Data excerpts
········
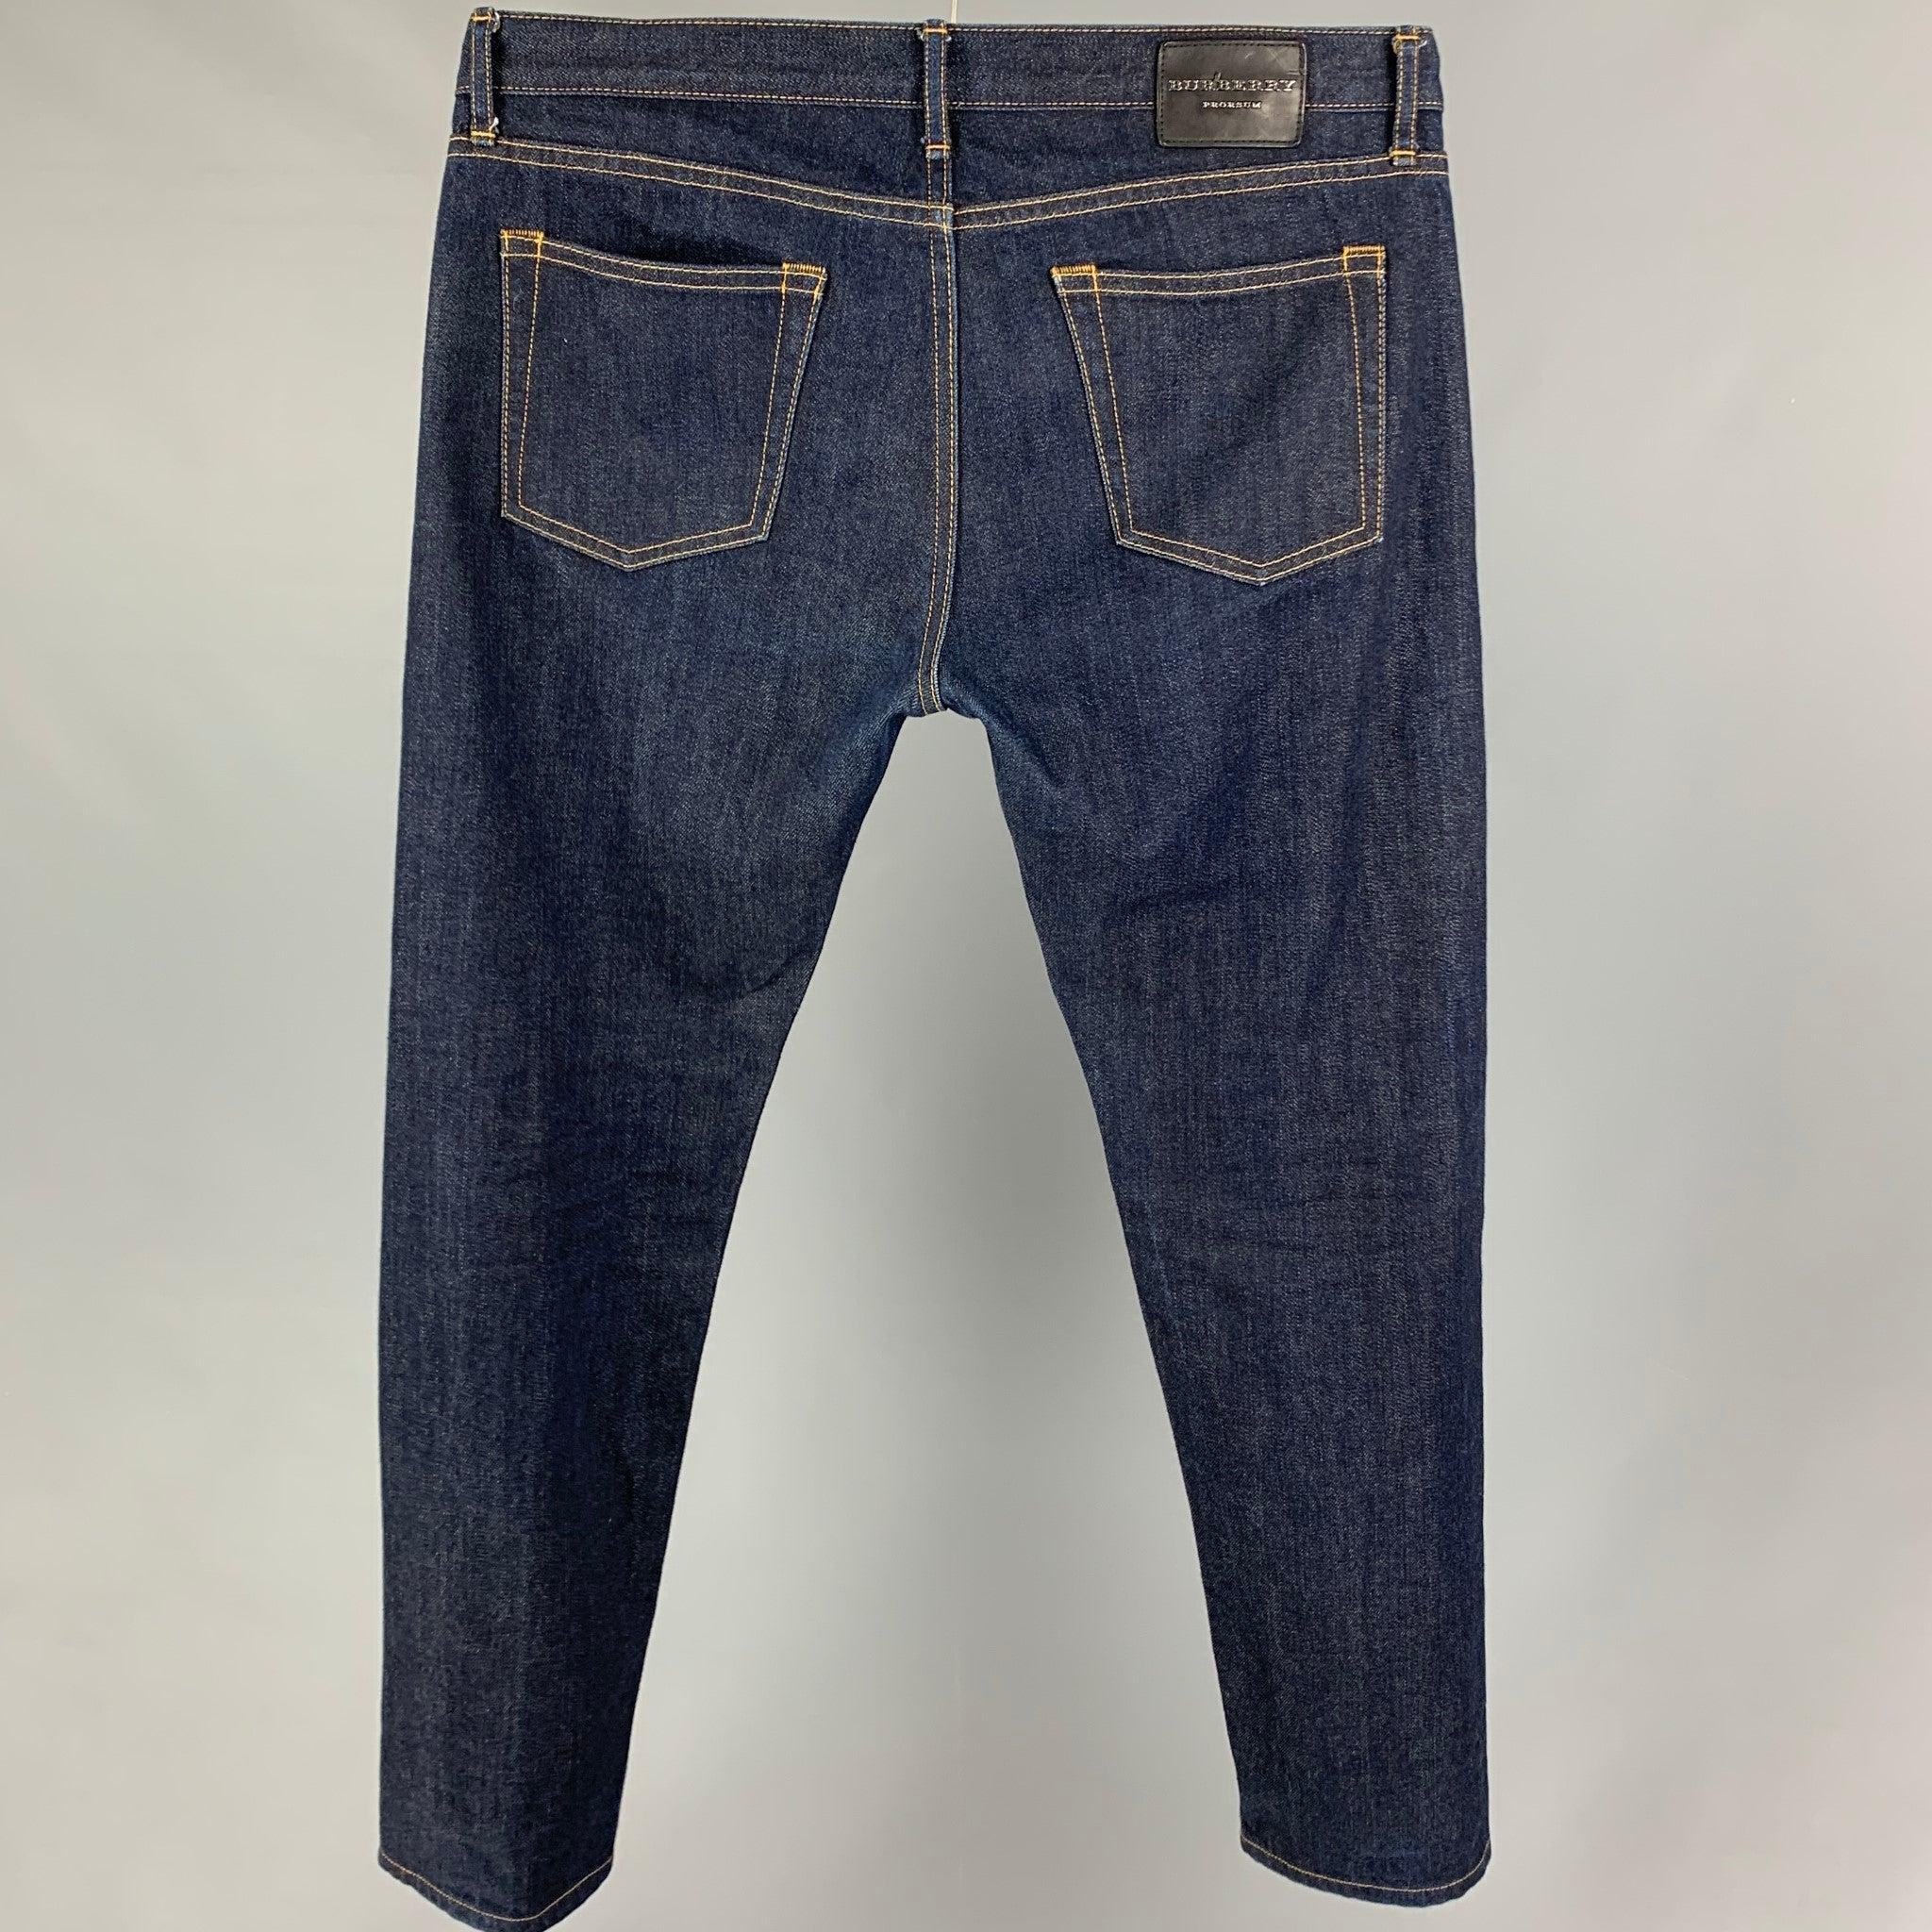 BURBERRY PRORSUM by Christopher Bailey jeans comes in a indigo blue denim featuring a slim fit, contrast stitching, and a button fly closure.
Very Good
Pre-Owned Condition. 

Marked:   32 

Measurements: 
  Waist: 32 inches Rise:
8.5 inches  Inseam:
········
* **Task to carry out**: What lines of the preceding data include the string "inches"? Pull them out.

* **Result of the task**:
  Waist: 32 inches Rise:
8.5 inches  Inseam:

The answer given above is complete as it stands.